Pertl B, Sekizawa A, Samura O, Orescovic I, Rahaim P T, Bianchi D W
Department of Pediatrics, Obstetrics and Gynecology, New England Medical Center and Tufts University School of Medicine, Boston, MA 02111, USA.
Hum Genet. 2000 Jan;106(1):45-9. doi: 10.1007/s004390051008.

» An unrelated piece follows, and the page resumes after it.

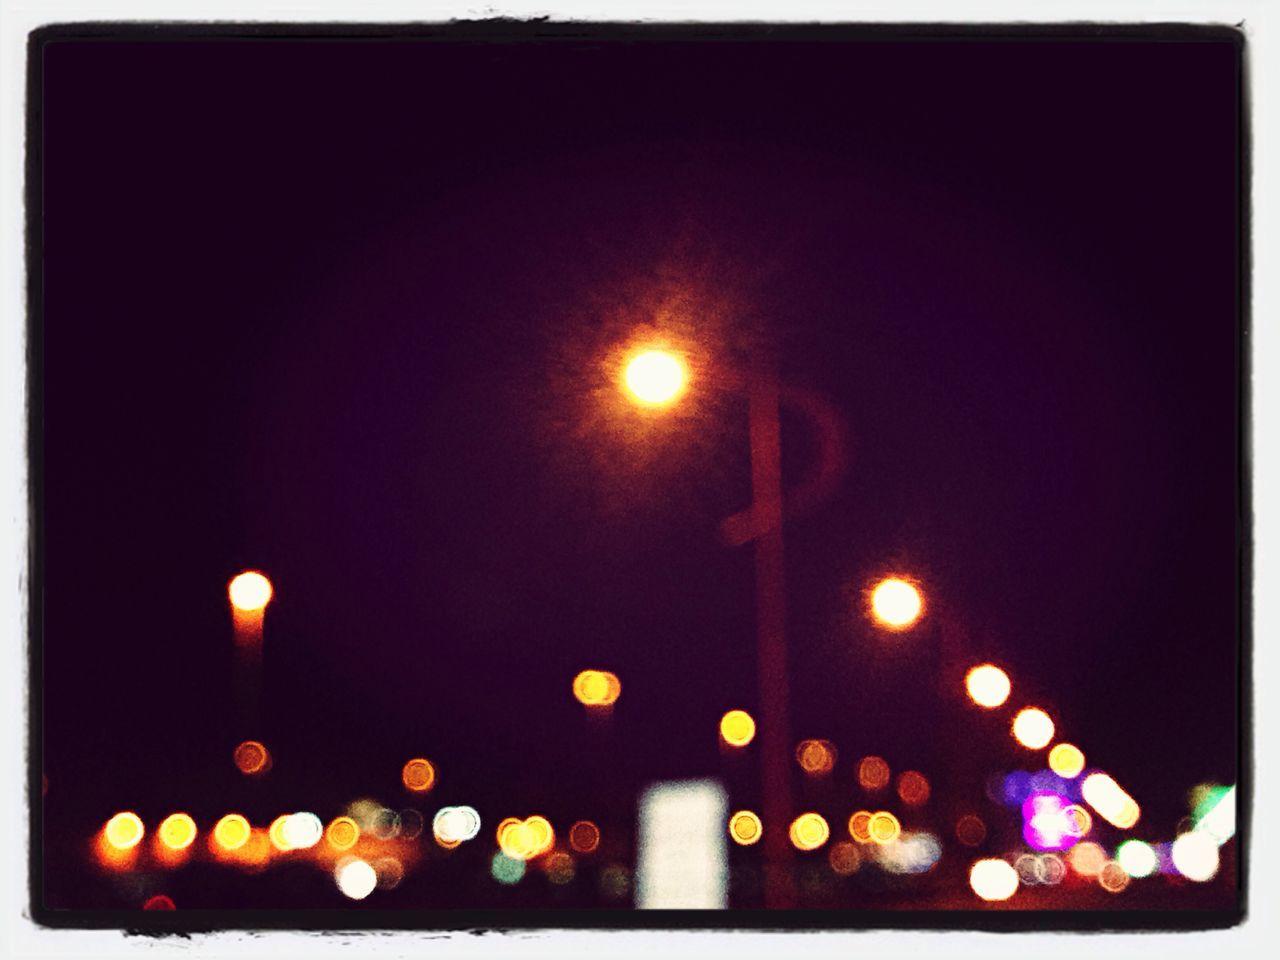 Night lights, stress-free moments.

The purpose of this study was to develop a fluorescent polymerase chain reaction (PCR) assay for the detection of circulating fetal DNA in maternal plasma. Maternal DNA extracted from plasma samples of pregnant women at term and newborn DNA isolated from cord blood were used to genotype 12 mother/child pairs at nine different polymorphic short tandem repeat loci. Multiplex fluorescent PCR was used to detect fetus-specific alleles in the corresponding maternal plasma samples. Fetus-specific alleles were found in all maternal plasma samples studied. Using these polymorphic repeat sequences, every mother/child pair was informative in at least four of nine loci. Paternally inherited fetal alleles were detected in 84% of informative short tandem repeats. This approach may have implications for non-invasive prenatal diagnosis. Compared with other fetal DNA detection systems that use fetus-derived Y sequences to detect only male fetal DNA in maternal plasma, our proposed technique can be applied to both female and male fetuses.
本研究的目的是开发一种荧光聚合酶链反应(PCR)检测方法,用于检测孕妇血浆中的循环胎儿DNA。从足月孕妇血浆样本中提取的母体DNA和从脐带血中分离的新生儿DNA,用于对12对母婴在9个不同的多态性短串联重复序列位点进行基因分型。采用多重荧光PCR检测相应孕妇血浆样本中的胎儿特异性等位基因。在所研究的所有孕妇血浆样本中均发现了胎儿特异性等位基因。利用这些多态性重复序列,每对母婴在9个位点中的至少4个位点上具有信息性。在84%的信息性短串联重复序列中检测到了父系遗传的胎儿等位基因。这种方法可能对非侵入性产前诊断具有重要意义。与其他利用胎儿来源的Y序列仅检测孕妇血浆中男性胎儿DNA的胎儿DNA检测系统相比,我们提出的技术可应用于女性和男性胎儿。